Buck Jump is an album by the American band the Dirty Dozen Brass Band, released on May 25, 1999. It is named for a New Orleans style of dancing. The band supported the album with a North American tour.

==Production==
The album was produced by John Medeski, who also played organ on some of the tracks. Founding member Kirk Joseph, who had officially quit the band, played sousaphone on the album.
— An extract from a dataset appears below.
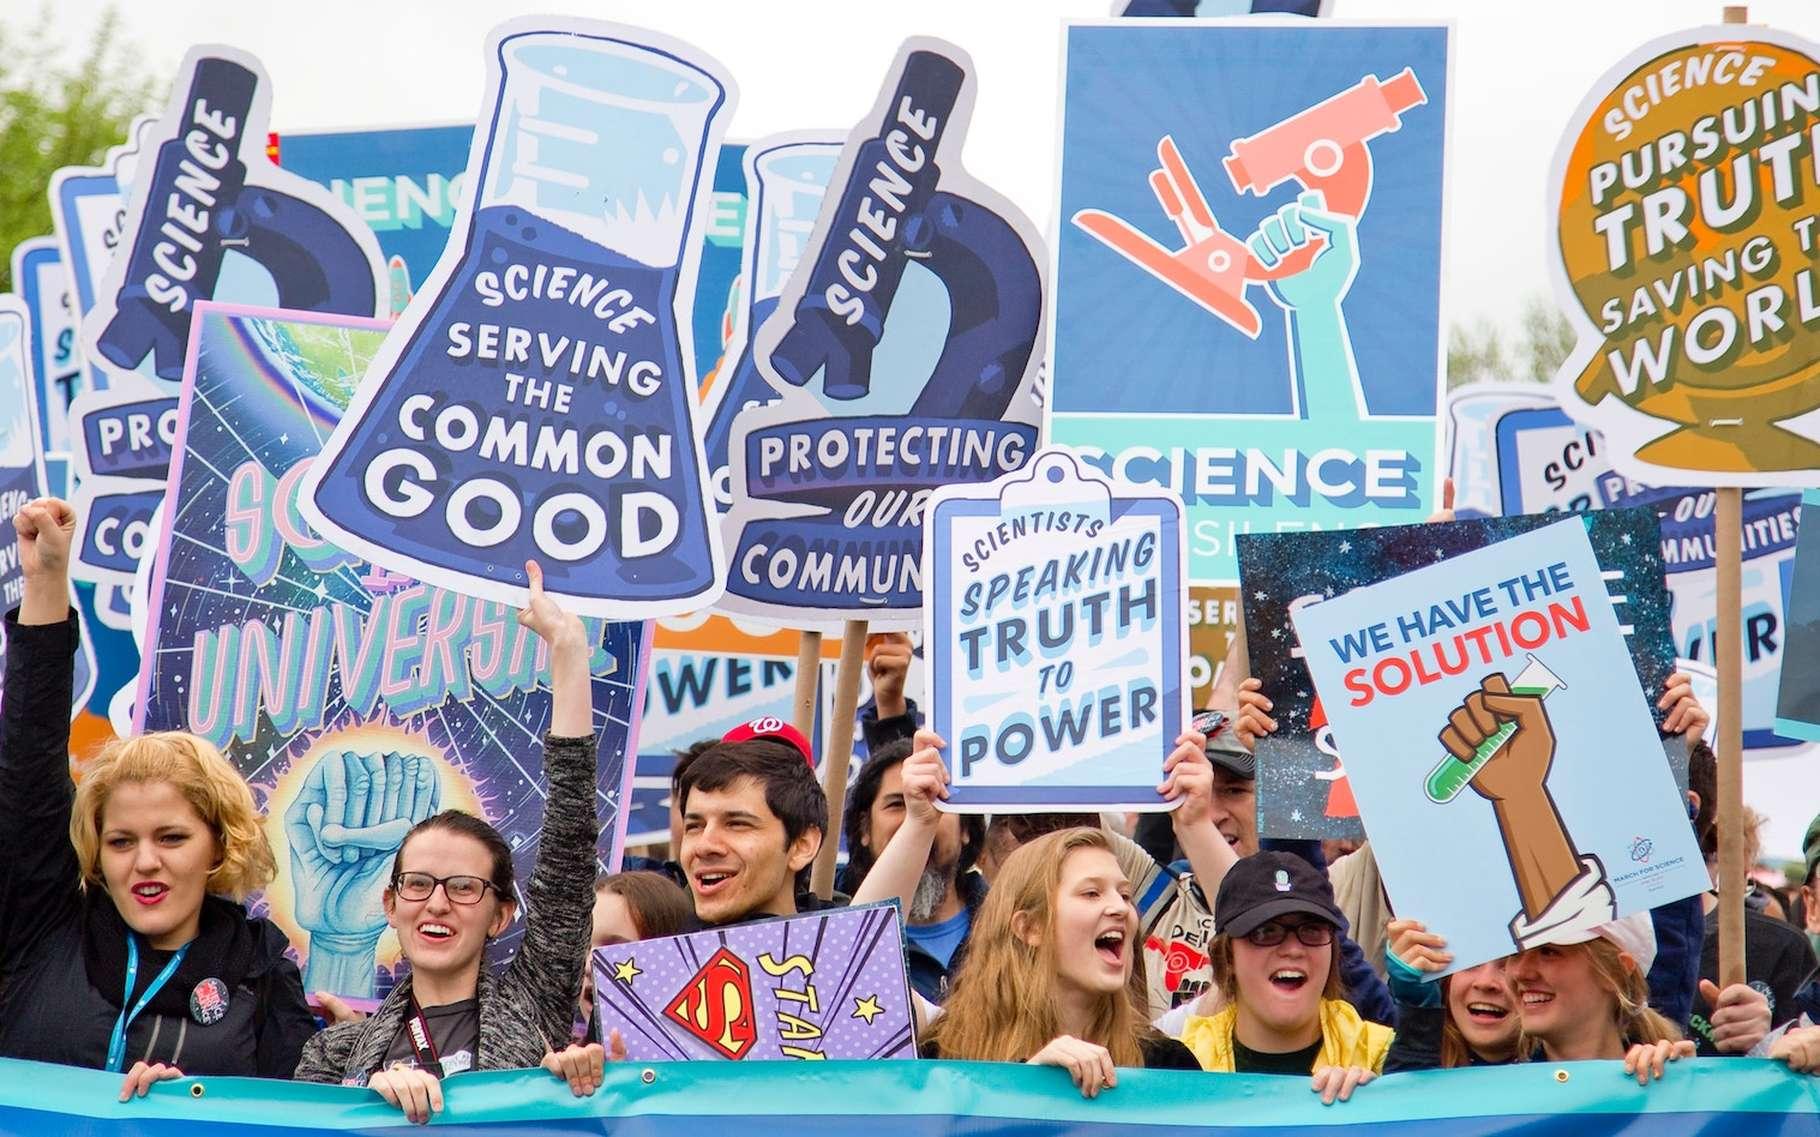 Vaccins, réchauffement climatique, etc. Face à la science, les gens semblent de plus en plus sceptiques et le dernier prix Nobel d'économie s'en inquiète. © Vlad Tchompalov, Unsplash

The tracks were taken mostly from first takes. "Run Joe" is a version of the Louis Jordan song. "Old School" was created in the studio, after the band experimented with a groove. "Inner City Blues (Make Me Wanna Holler)" is a cover of the Marvin Gaye song.

==Critical reception==

The Charleston Daily Mail opined that "Buck Jump qualifies the Dirty Dozen as the rightful heirs to the Meters' Crescent City crown." The Washington Post noted that the album "isn't so much an advance as a grander sonic exposition of the New Orleans ensemble's trademark sound: classic Crescent City parade band music melded with sinewy R&B and fiery jazz."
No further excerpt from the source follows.